大阪桐蔭センバツ連覇! 史上3校目の偉業
90回の節目の大会にふさわしく、春夏優勝3回、甲子園通算61勝の智弁和歌山と、優勝6回で通算56勝の大阪桐蔭という豪華な顔合わせとなった決勝は、昨春の近畿大会、夏の甲子園、秋の近畿大会と3回続けて公式戦で当たっている(大阪桐蔭の3連勝)両校の意地のぶつかり合いでもあった。
「大阪桐蔭に勝ちたい」一心で決勝へ
智弁和歌山の高嶋仁監督(71)は決戦前、「組み合わせが決まった段階で大阪桐蔭と当たるとすれば決勝までない。『そこまで負けるな』と言ったけど、よくここまで来た」としみじみ話した。選手たちも異口同音に「大阪桐蔭に勝ちたい。優勝するより勝ちたい」と話す選手もいたほどだ。それくらい、「打倒 大阪桐蔭」に懸ける思いは強かった。春の近畿大会はともかく、夏の甲子園は現チームのエース平田龍輝(3年)が、先輩投手を救援し、暴投で決勝点を与えて1点差で敗れている。秋の近畿大会は決勝で当たって、桐蔭の根尾昂(3年)の本塁打による1-0という僅差で惜敗していた。
智弁先発の池田が好投
試合は意外な立ち上がりとなった。
智弁先発の池田陽佑(2年)は前日の東海大相模(神奈川)との準決勝で初回、ワンアウトすら取れずに降板していた。しかしこの日は別人のような投球。丹念に低目をついて桐蔭打線に好機を与えず、五分五分の序盤戦を演出した。そして先に好機を迎えたのは智弁。相手失策などから4回表、無死満塁とするが、桐蔭先発の根尾も簡単には崩れない。投ゴロ併殺で2死となったところで、8番・東妻純平(2年)が根尾の決め球のスライダーをとらえ、三遊間を突破して2点を奪った。球場内がざわつき始める。一方の桐蔭も簡単には引き下がらない。すかさずその裏、無死満塁から、併殺を焦った智弁守備陣の乱れなどに乗じ、すぐに追いついた。手の内を知り尽くしている両雄が、一歩も譲らぬ展開。決勝にふさわしい熱戦だ。
「終盤に強いチームに」西谷監督
池田はよく投げたが、7回の先頭打者に四球を与えたところで、高嶋監督はエースの平田をマウンドに送った。「終盤、7回以降に強いチームになろう」を合言葉にしているという西谷浩一監督(48)がここで仕掛ける。犠打で二進させて1番の宮崎仁斗(3年)が打席に入ると二塁走者を動かした。宮崎はしぶとく遊撃手の頭上へライナーを放ち、あっという間に勝ち越し点を奪った。投手の代わり端、同点の終盤でも慎重にはならず、積極的に仕掛けるのは今大会の桐蔭の特徴だ。前日の三重戦では、9回1点ビハインドの場面でも仕掛けていた。「ウチも苦しかったが相手も苦しい場面。仕掛けたら守りのミスも出る。普段から一番やっている練習」と指揮官はどんどん選手を動かした。
根尾は早くも夏へ思い
これで楽になった桐蔭は、8回に中軸が連打を浴びせて決定的な2点を追加し、3点差で根尾が完投を懸けて最終回のマウンドに上がった。

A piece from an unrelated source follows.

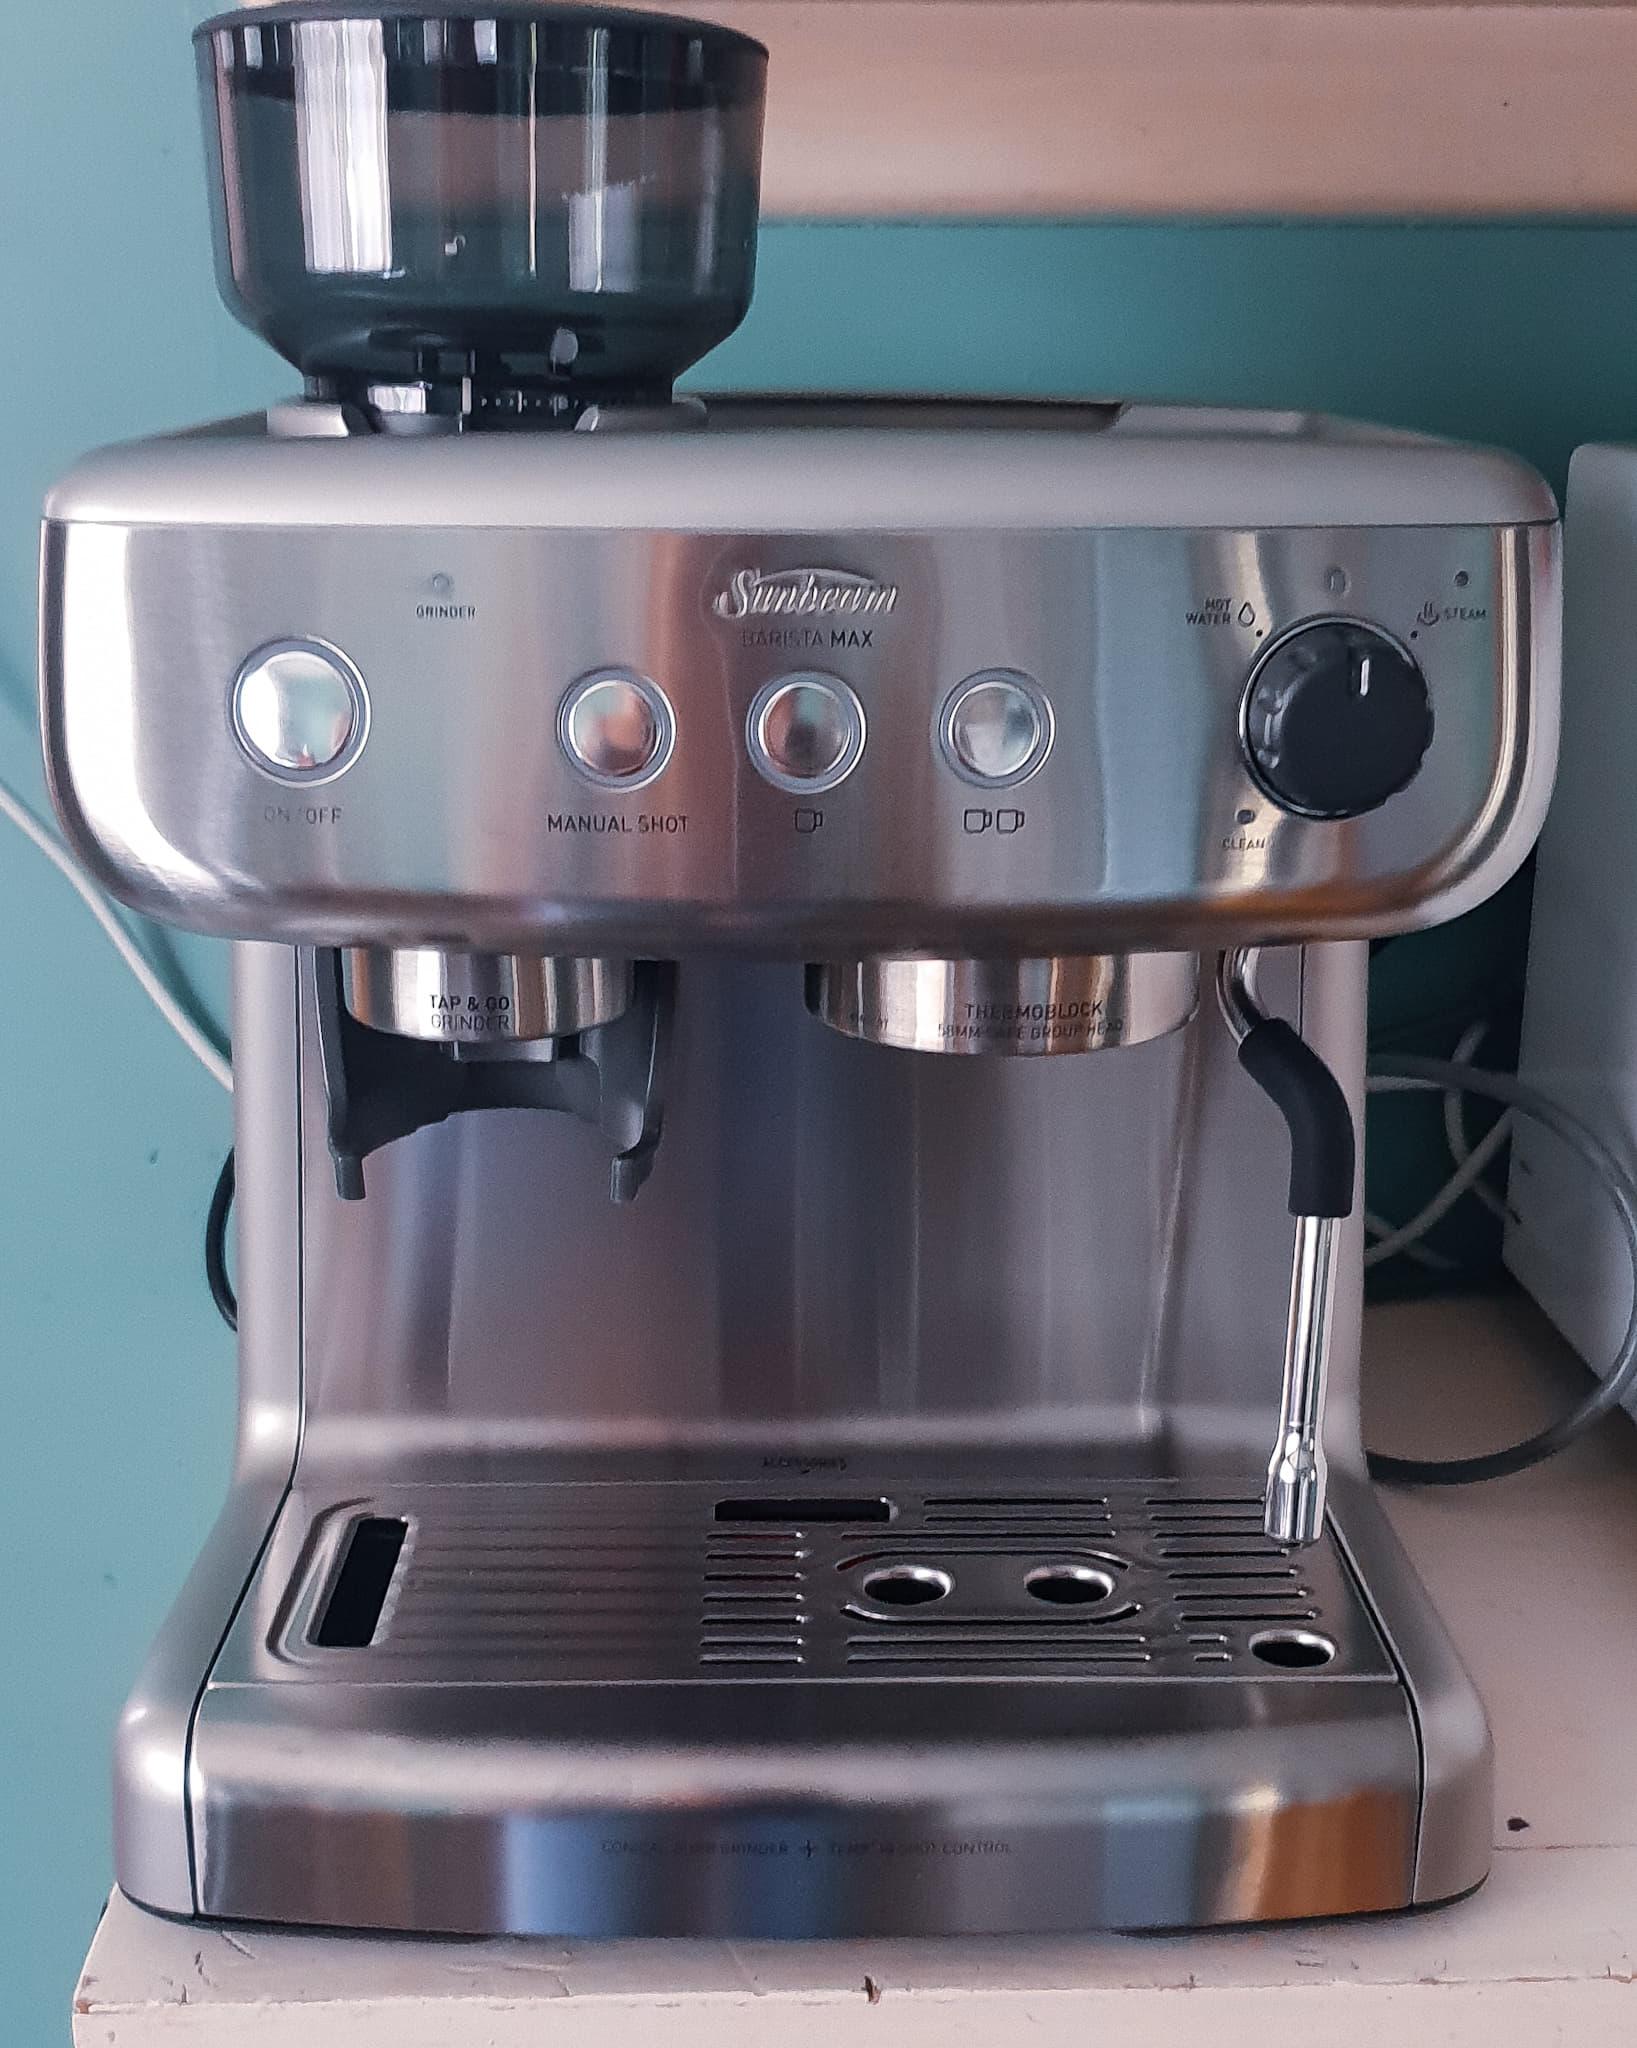 Sunbeam Barista Max Espresso

「初回から飛ばす。最後のマウンドにいられるかどうかはあとづけ」と話していたが、救援を仰ぐこともなく140球を投げ切った。優勝の瞬間を2年連続、マウンドで迎えたのは根尾が史上初めて。それでもクレバーな根尾は、「素晴らしいところで投げさせてもらい、貴重な経験ができた。(優勝の)マウンドでしか経験できないことを、今後の試合に生かしていきたい」と早くも夏の甲子園へ思いを馳せる。「去年は先輩に優勝させてもらった。開会式で優勝盃を返したとき、また手にしたいと強く思った」という。場内一周の列で、根尾はその重みを実感したに違いない(=タイトル写真 前から二人目が根尾)。
夏への戦いは始まっている
夏の100回大会は史上最多の56校出場が確定し、センバツとは比べものにならないくらい厳しい戦いが待っている。2代表の大阪でも、最大のライバル履正社と同じブロックになり、予選からまったく息が抜けない。智弁和歌山の高嶋監督は、「選手たちには、夏が終わってから『よくやった』と言う」と、悔しさをにじませた。大阪桐蔭が重圧に打ち勝って、再び春の頂点に立てたのも、昨夏の悪夢の敗戦があったからだ。勝ち続けることの難しさは大阪桐蔭が一番よく知っている。長い夏への戦いはもう始まっている。